:: TASK DETAILS ::
What is needed is an exact reproduction of the listing, without its pictures.

:: GIVEN MATERIAL ::

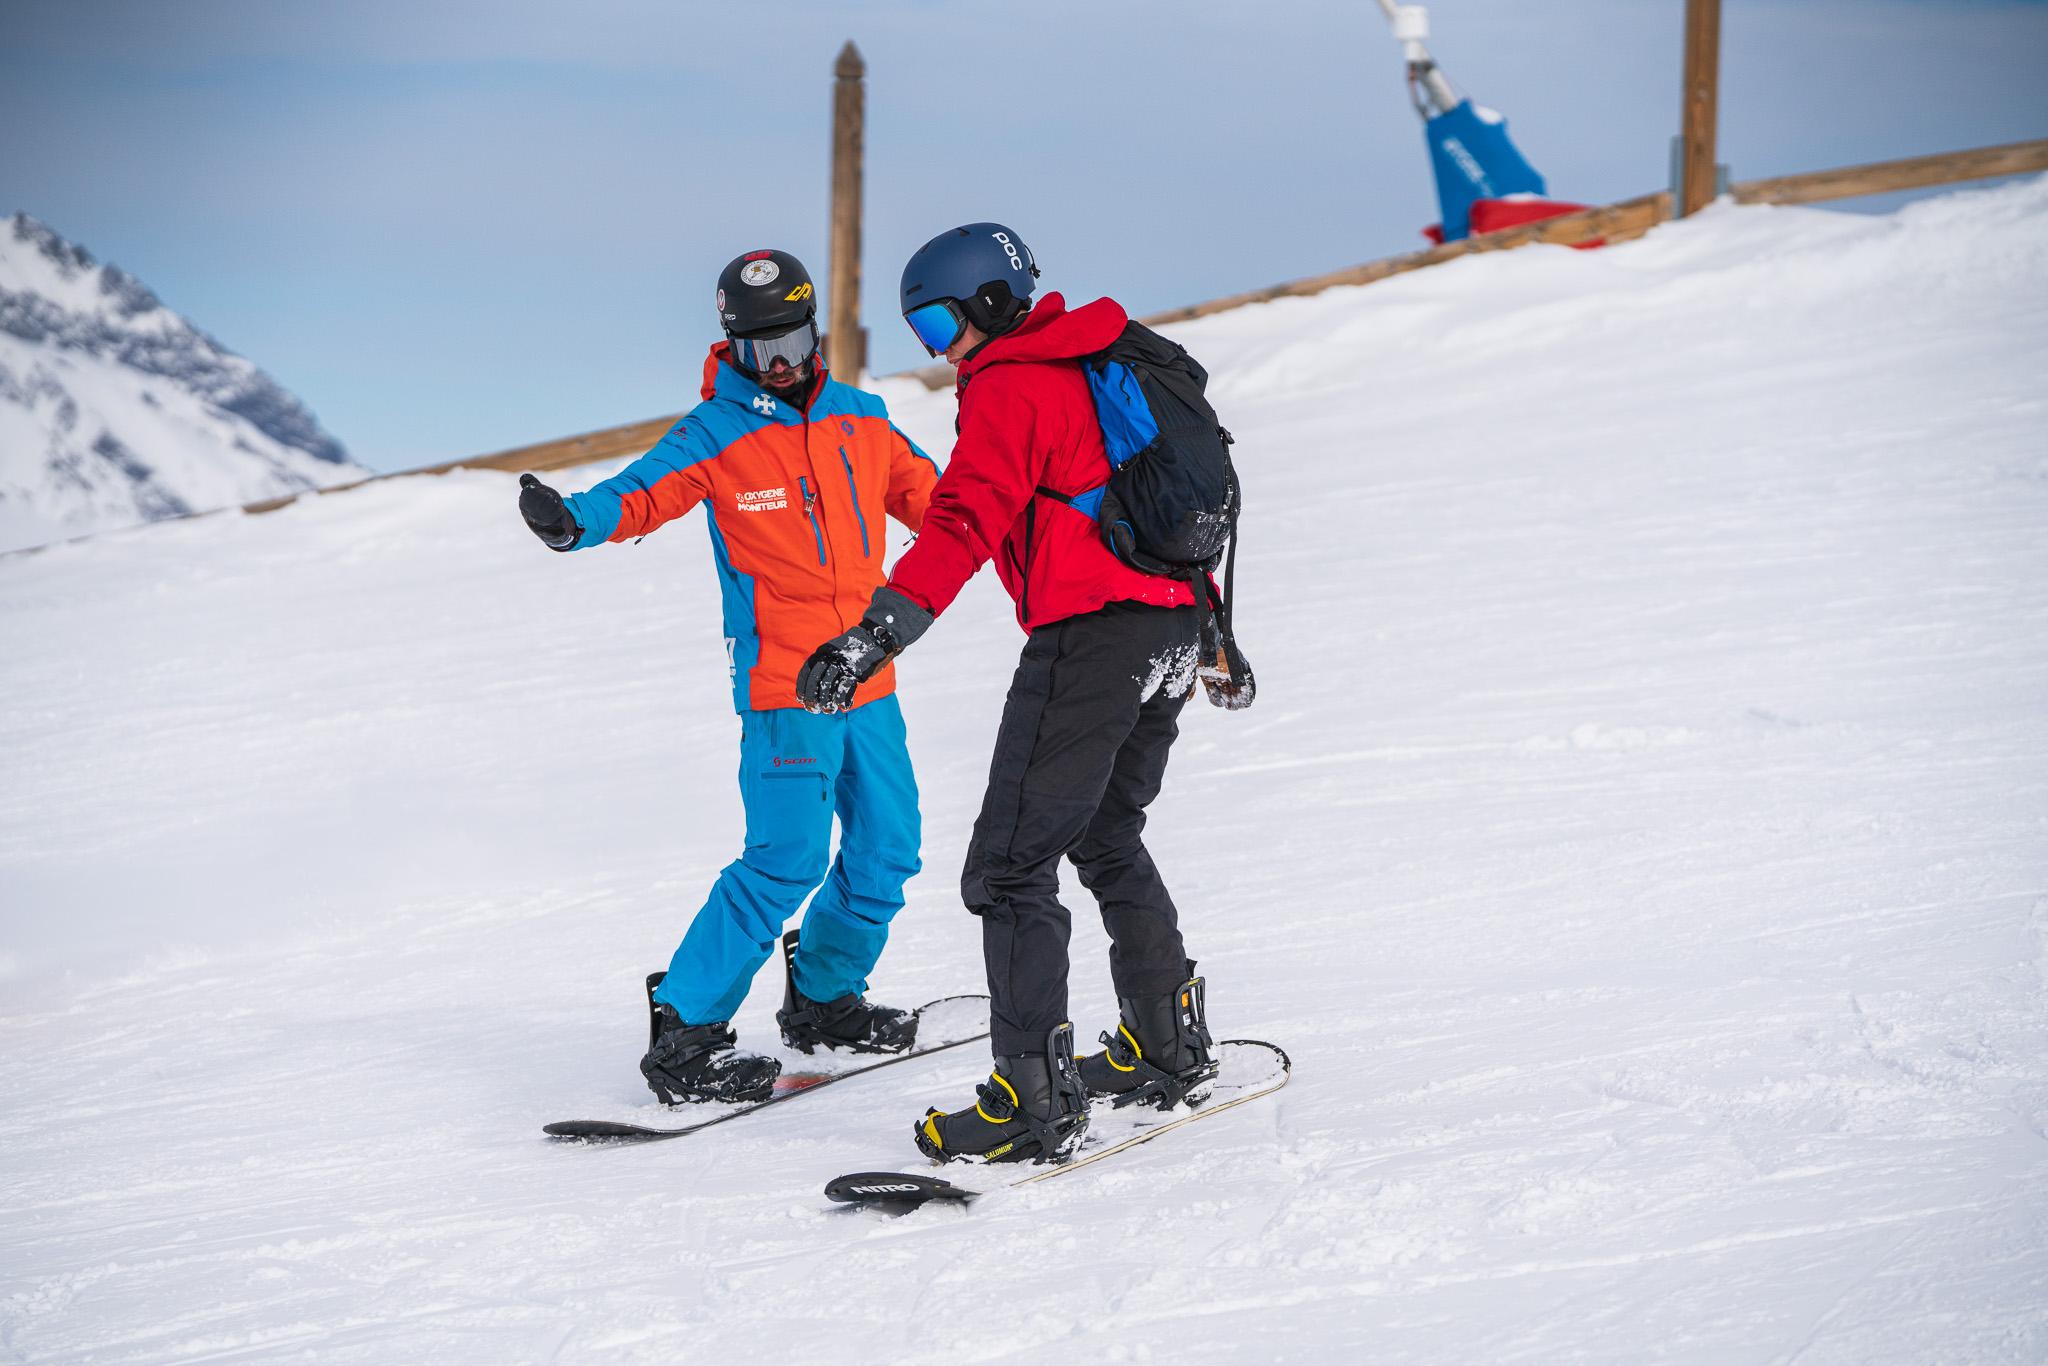 Oxygene snowboard session
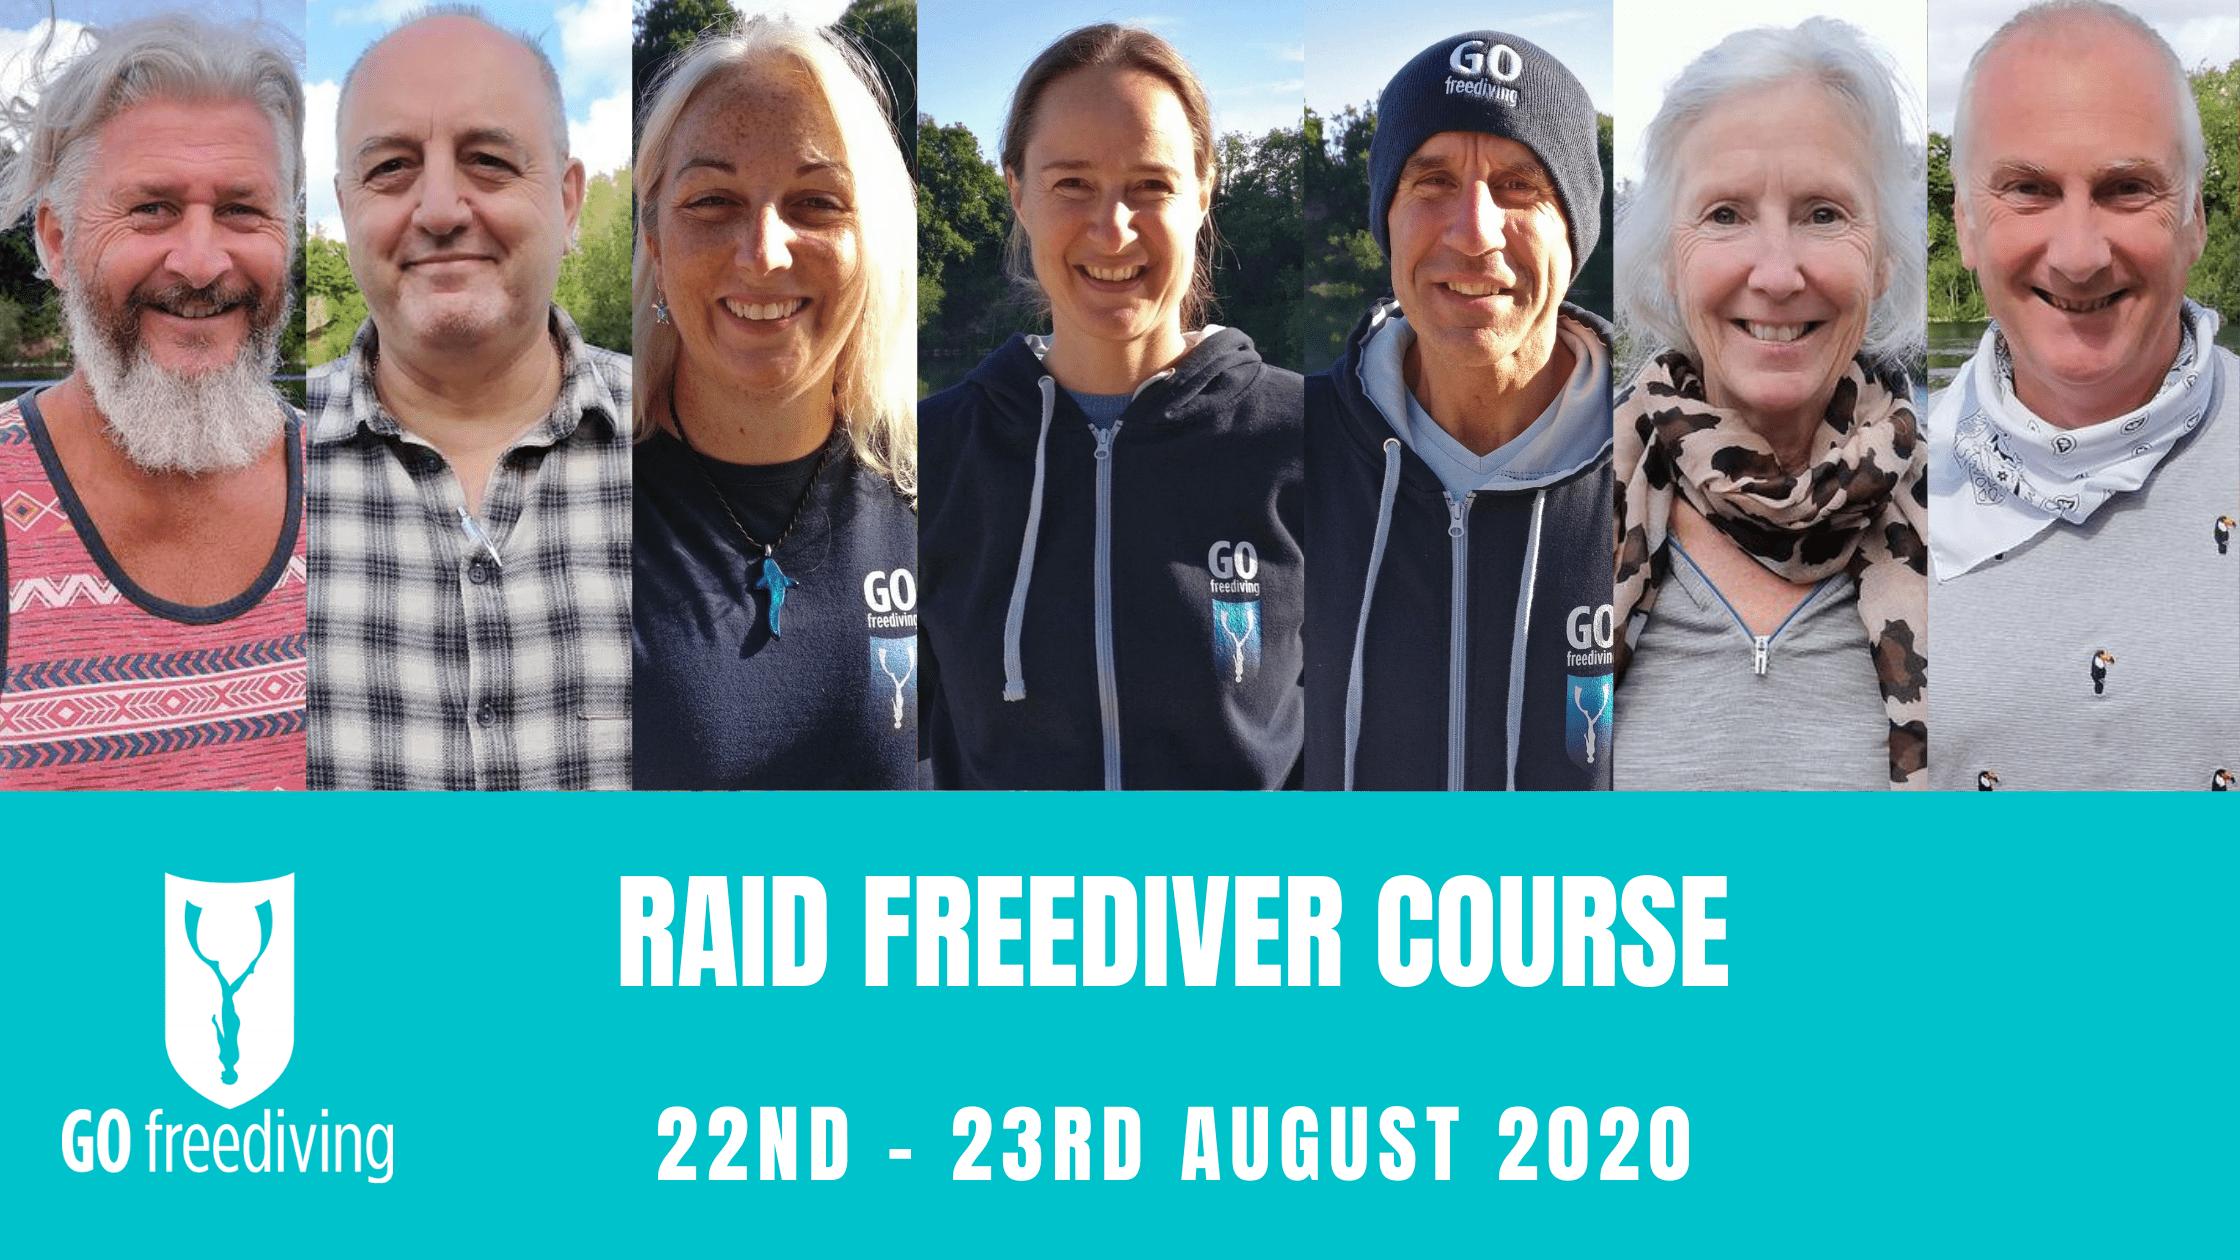 RAID Freediver Course 22 August 2020
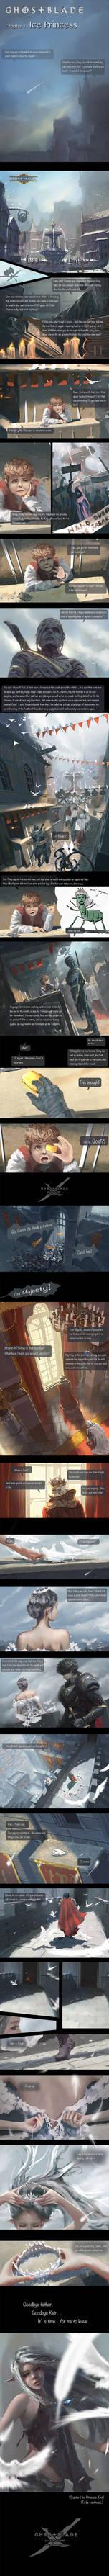 GhostBlade - Chapter 1 : Ice Princess

:: ANSWER TO THIS PROBLEM ::
 Oxygene snowboard session
 RAID Freediver Course 22 August 2020
 GhostBlade - Chapter 1 : Ice Princess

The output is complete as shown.